After getting approval from the College Park City Council to waive a 30-day appeal period, the developer of a planned student housing project said he anticipates no additional hurdles in getting 903 student beds onto Route 1 by the start of the fall 2010 semester.

The council had been gearing up to fight with – or at least punish – an attorney for developer Mark Vogel at Tuesday night’s council meeting after the attorney didn’t emphasize his support for the city’s position on the Varsity at College Park project at a county planning hearing.

Mayor Stephen Brayman’s scheme would have tricked the attorney, Matt Tedesco, into waiting through hours of council debate on such items as homestead tax credits and county transportation plans.

Brayman had asked the council last week to move most of its agenda to the “consent agenda,” where items could be voted on in a group without discussion barring council objection.

“Tell him he’s first on the agenda,” Brayman said last week.

Then, Brayman explained, District 2 Councilman Jack Perry – who has traditionally favored thorough discussions – would oppose placing the items on consent, and ask to talk about them all, moving the Varsity item to the very end of the meeting. Council meetings begin at 8 p.m. and can go well past midnight.

But two absences foiled this plan, as neither Perry nor Tedesco appeared at Tuesday’s meeting, leaving Vogel by himself to wait through only two relatively short presentations.

“I’m disappointed that you are here tonight, because I wasn’t planning to direct this anger at you,” Brayman told Vogel.

The dispute arose about a seemingly minor topic: whether the building’s parking garage should have narrower parking spaces to accommodate an extra 10 to 12 cars.

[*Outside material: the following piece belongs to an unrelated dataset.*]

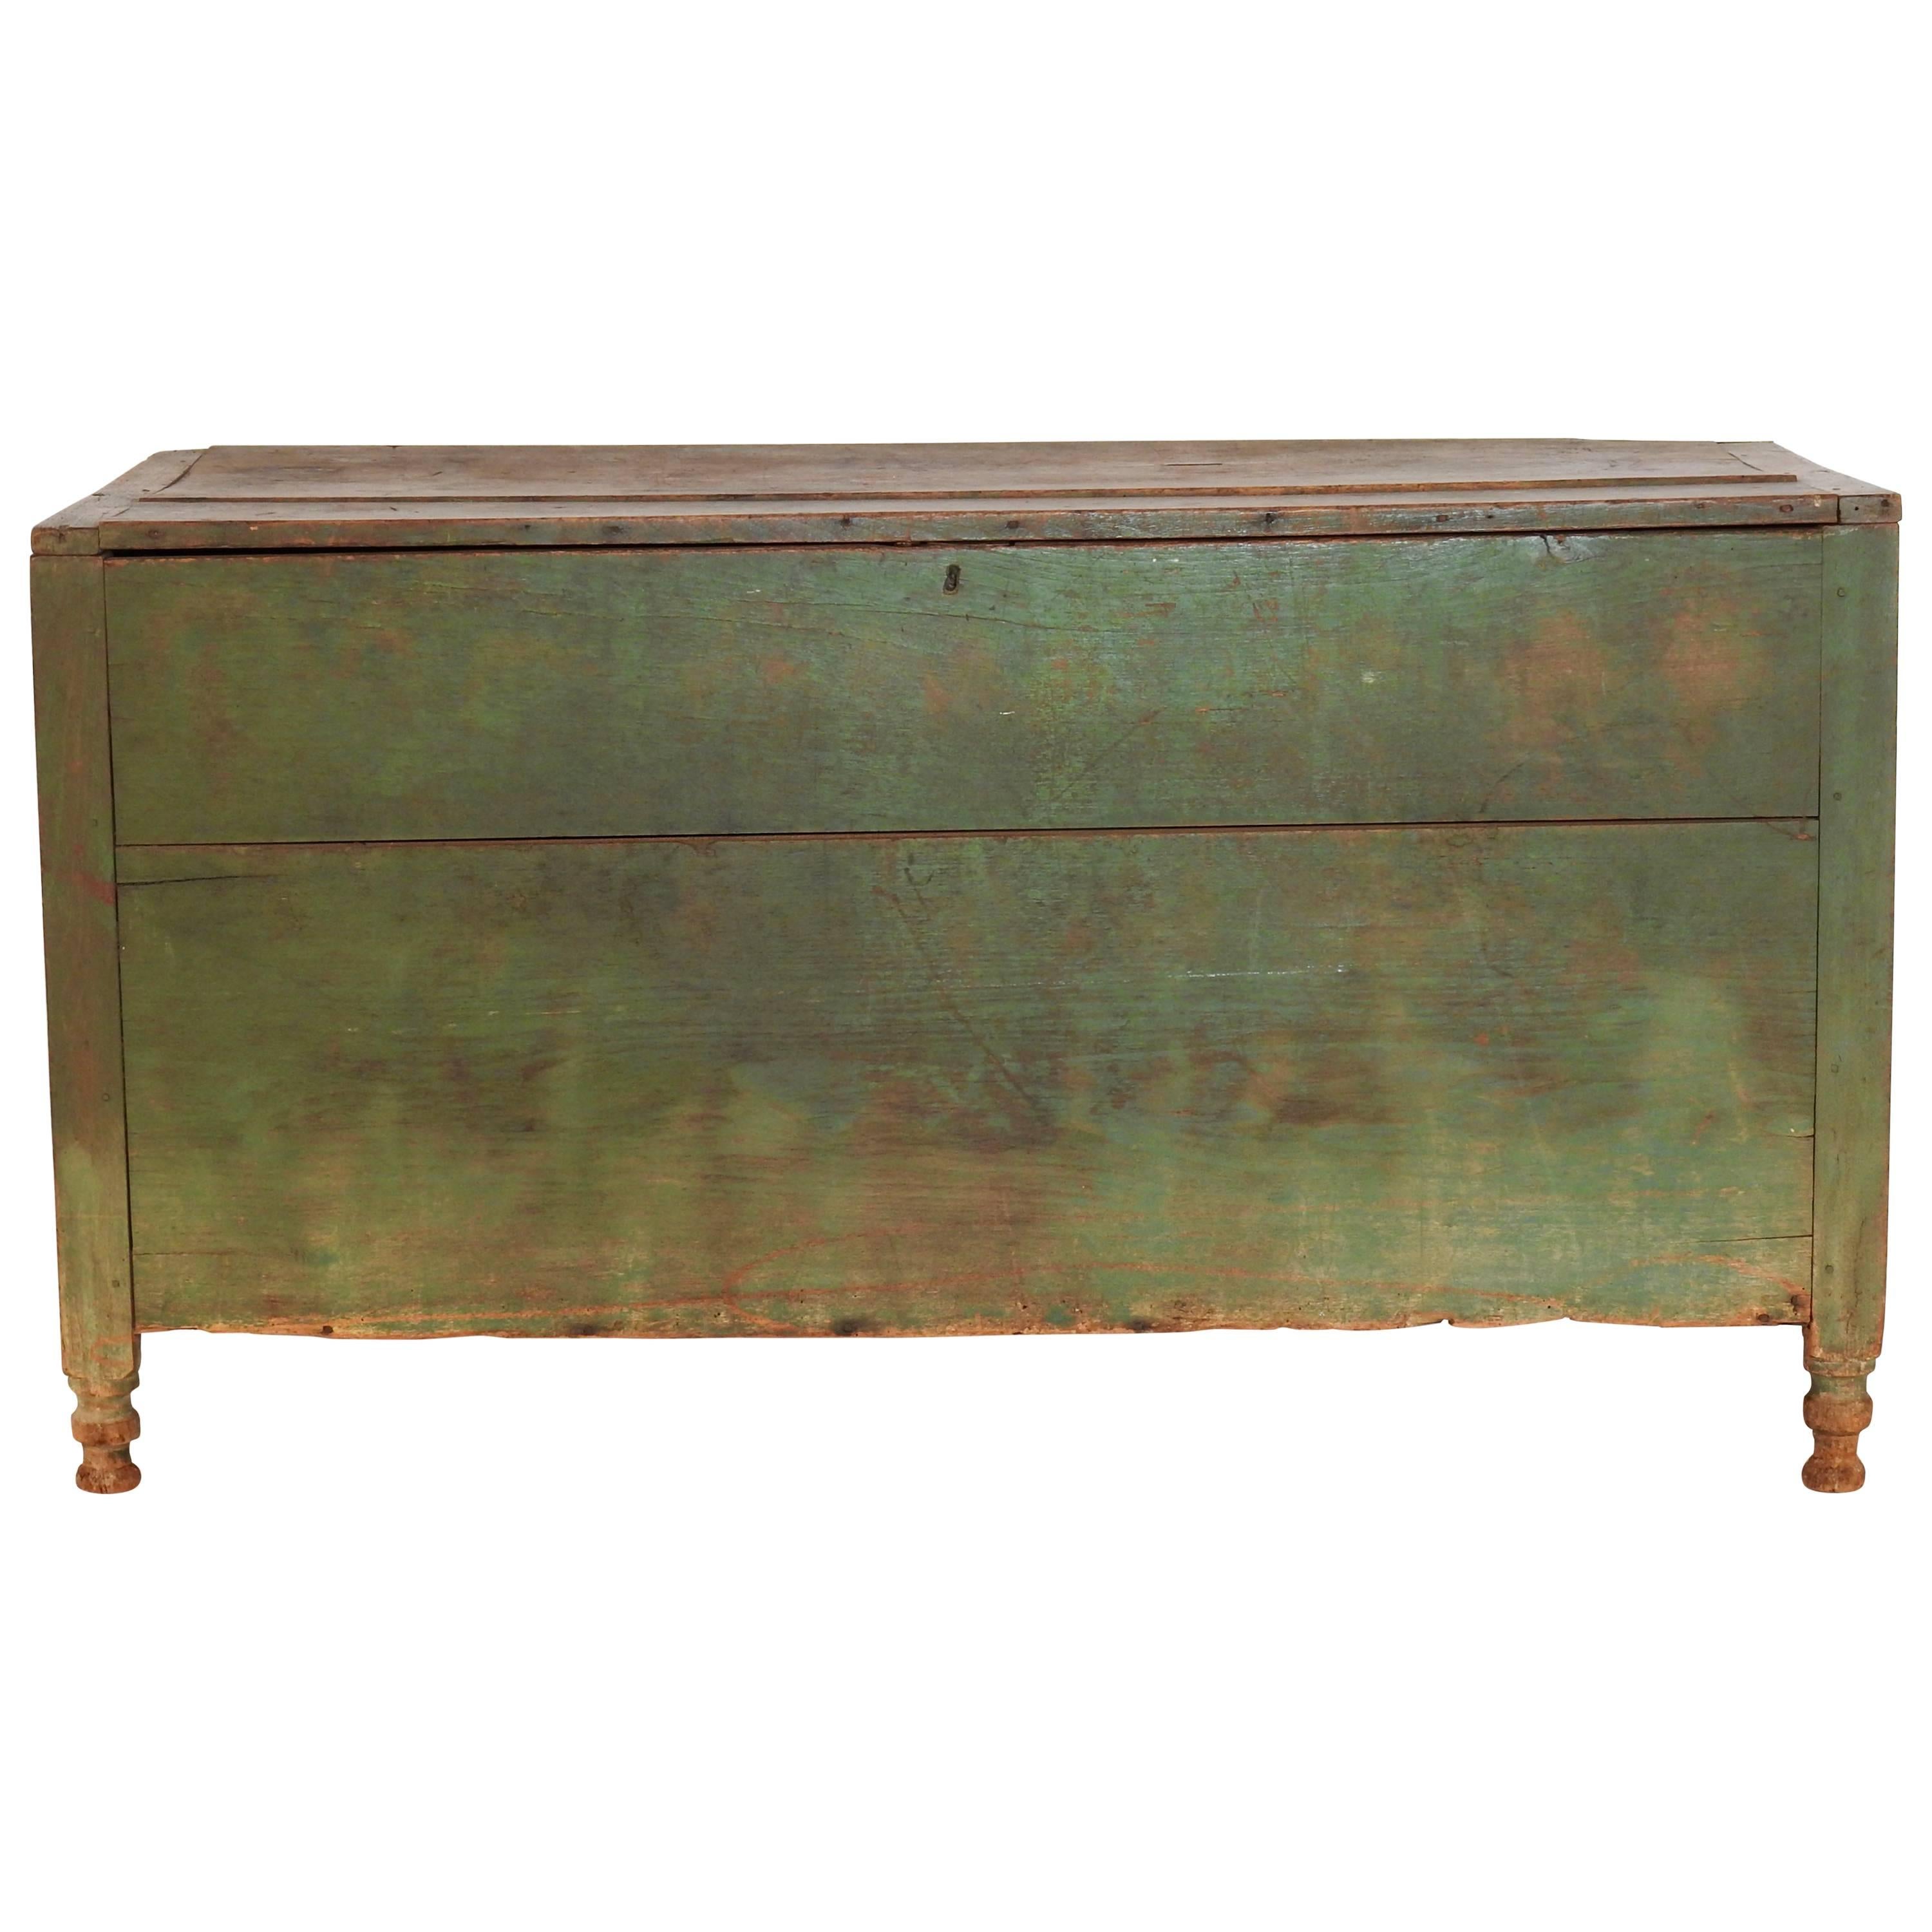 Blanket/Mule Chest with Aged Green Painted Patina Pre Civil War

The city wanted the extra parking spaces, and council members said that even after Tedesco agreed to that condition at a council meeting, he went back on his word when he came before the planning board.

Vogel told the council he had no objection to narrower parking spaces as long as it didn’t delay the project. Tedesco did not return calls or e-mails seeking comment yesterday.

With the council giving Vogel its consent to start the Varsity project 30 days earlier rather than waiting for an appeal, he should be able to break ground next to the University View early this spring, he said.